Darbar Move was the name given to the bi-annual shift of the secretariat and all other government offices of Jammu and Kashmir from one capital city to another. From May to October, governmental offices were housed in the summer capital, Srinagar, and the other six months in its winter capital, Jammu. The tradition was started during the rule of Maharaja Ranbir Singh in 1872. The tradition was continued even after 1952 by State Government of Jammu and Kashmir, as it acted a major bridge space for interaction between the linguistics and diverse cultural groups of Jammu and Kashmir.

In April 2021, for the first time in history Government of Jammu and Kashmir decided to defer the Darbar Move due to COVID-19 pandemic in India.

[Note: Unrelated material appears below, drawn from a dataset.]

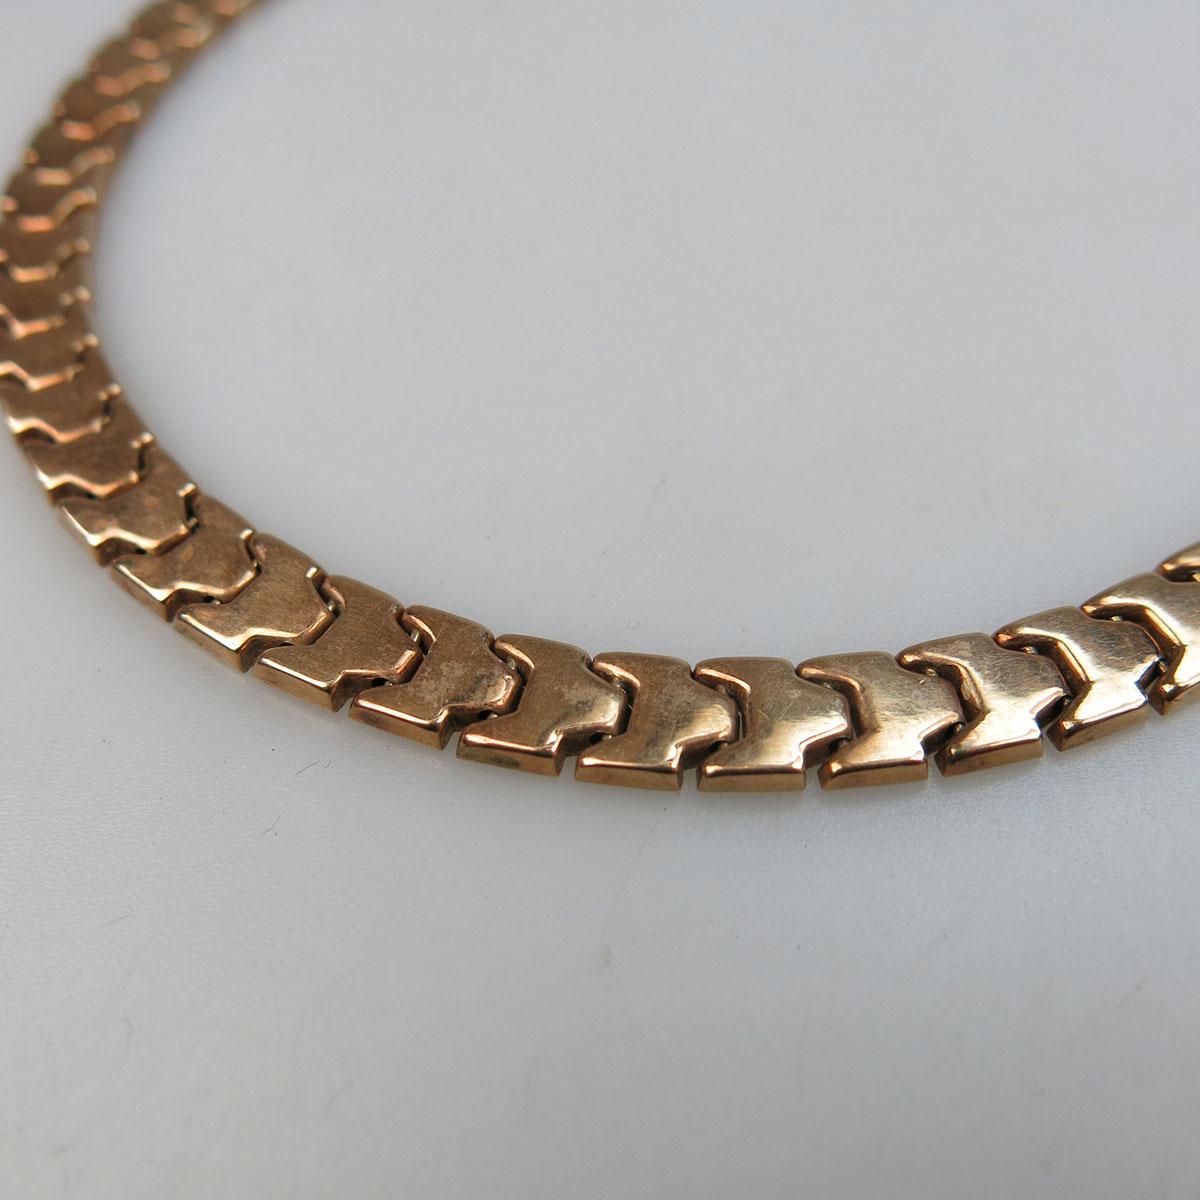 14k Rose Gold Link Necklace

On 30 June 2021, the 149 years old biannual tradition of shifting capital between Jammu and Srinagar came to an end when the Government  led by Lieutenant Governor Manoj Sinha cancelled the practice and served a notice to the employees working in the civil secretariat to vacate darbar move related accommodation in three weeks. Regarding the discontinuation of the move, on 30 March 2020, former chief secretary B. V. R Subramanyam said that government had  taken concrete steps to switch paperless office by rolling out e_office in the moving departments. The administration has uploaded official records to the e_office. The switch to the online mode will avoid wear and tear as well as loss of official records during the biannual transit, besides saving the associated transportation costs. Government offices will now function at both Jammu and Srinagar.

This productive and efficient move will save money, resources and time, that could be utilised towards the welfare and development of the union territory. These resources can be utilised for the protection and propagation of the culture and heritage of the communities.